The point is, of course, that productivity decay in shale wells is fairly steep, yielding a relatively narrow window in which to recoup costs. So long as the commodity price stays up, that's perhaps manageable, but when the price drops as it has here in the last two years, producers can suffer mightily.
As I've noted before, I don't have a dog in this hunt, but I am curious to see how they do going forward with development of their natural gas assets.
With that in mind, I do have a question-Just how much does it cost to develop a gas lease in China?
Here in the U.S., we're at around $5 million to $7 million to complete a typical shale (horizontal) well. Naturally, some cost a bit more, and some a bit less, but if you follow the reporting filed by producers (e.g., Chesapeake, Rice Energy, Range Resources, Cabot, etc.) I think you'll find that most are in the range I described.
Producers typically don't have much in the way of leasehold infrastructure costs beyond that, with the possible exception of costs of connection to collector lines.
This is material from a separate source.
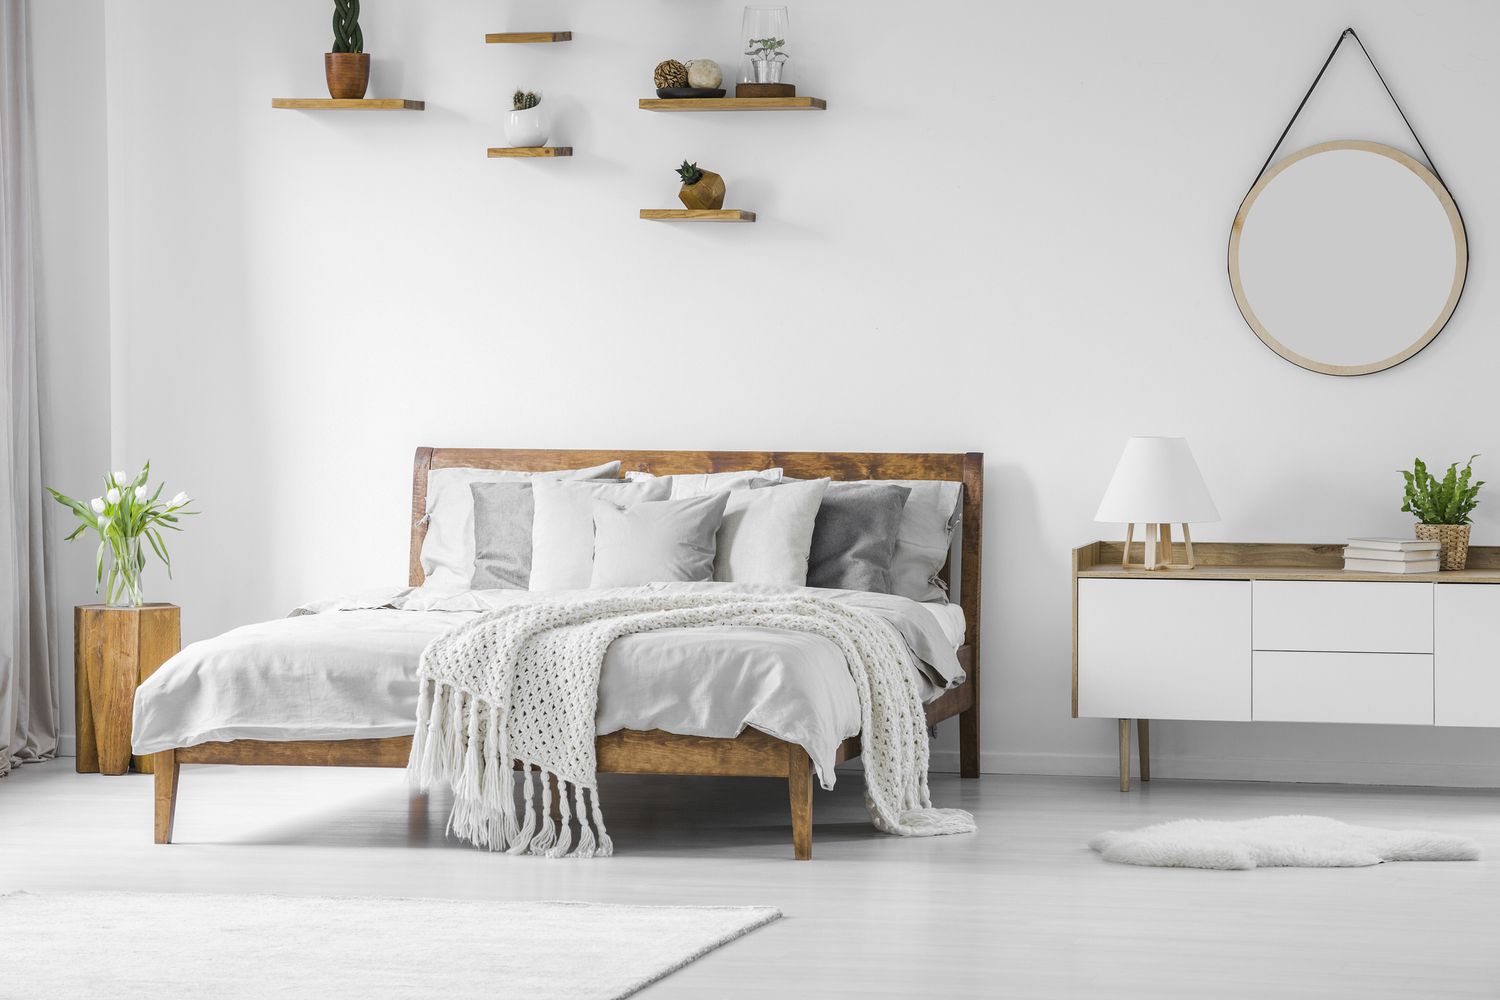 Bequemes großes Bett mit Holzrahmen, Bettwäsche, Kissen und Decke, Nachttisch daneben und runder Spiegel an einer weißen Wand in einem hellen Schlafzimmer.

The raw gas is processed at a centralized location, with contaminants removed, and useful condensates taken off for sale. If each producer was required to have a processing plant at the wellhead, we'd all be heating with coal or wood.
So, how much does it cost to get a well drilled in China? Let's assume they're terribly inefficient (not a likely scenario, given their demonstrated technical acumen in other fields) and double the completion cost. They ought to be able to get a well completed for $15 million or so. Why, then, do they believe they need tens of millions to develop this?
It seems to me that there may be something else at work here, quite possibly beyond the control of Gulf resources.
Here's what I have on a Bcf/d basis, derived from the EIA's monthly dry gas production report (Sourcekey N9070US2):
Month Bcf/d NET Imports
Jan-15 73.1 4.3
Feb-15 73.6 3.9
Mar-15 74.1 3.0
Apr-15 74.5 2.5
May-15 73.8 2.1
Jun-15 74.3 2.1
Jul-15 74.6 2.2
Aug-15 75.0 2.0
Sep-15 75.4 1.4
Oct-15 74.3 2.0
Nov-15 74.2 2.1
Dec-15 73.8 2.1
I've included the net imports column to provide a picture of overall supply.
If Bentek has it right, we're currently in the 71-72 Bcf/d range for dry gas production, with gross imports around 5 to 6 Bcf/d.
EIA figures for January 2016 (latest available) have dry gas production at 74.2 Bcfd/d, and net imports at 3.4 Bcf/d. January gross imports were 8.8 Bcf/d, according to the EIA.
I think at this point it's a foregone conclusion that we begin injections with over 2,400 Bcf in storage. If injections follow average (2,098 Bcf for the season) it appears to me that we'd actually be in storage capacity constraints as we approach the end of injection season.
Seems to me that makes your bearish case more likely.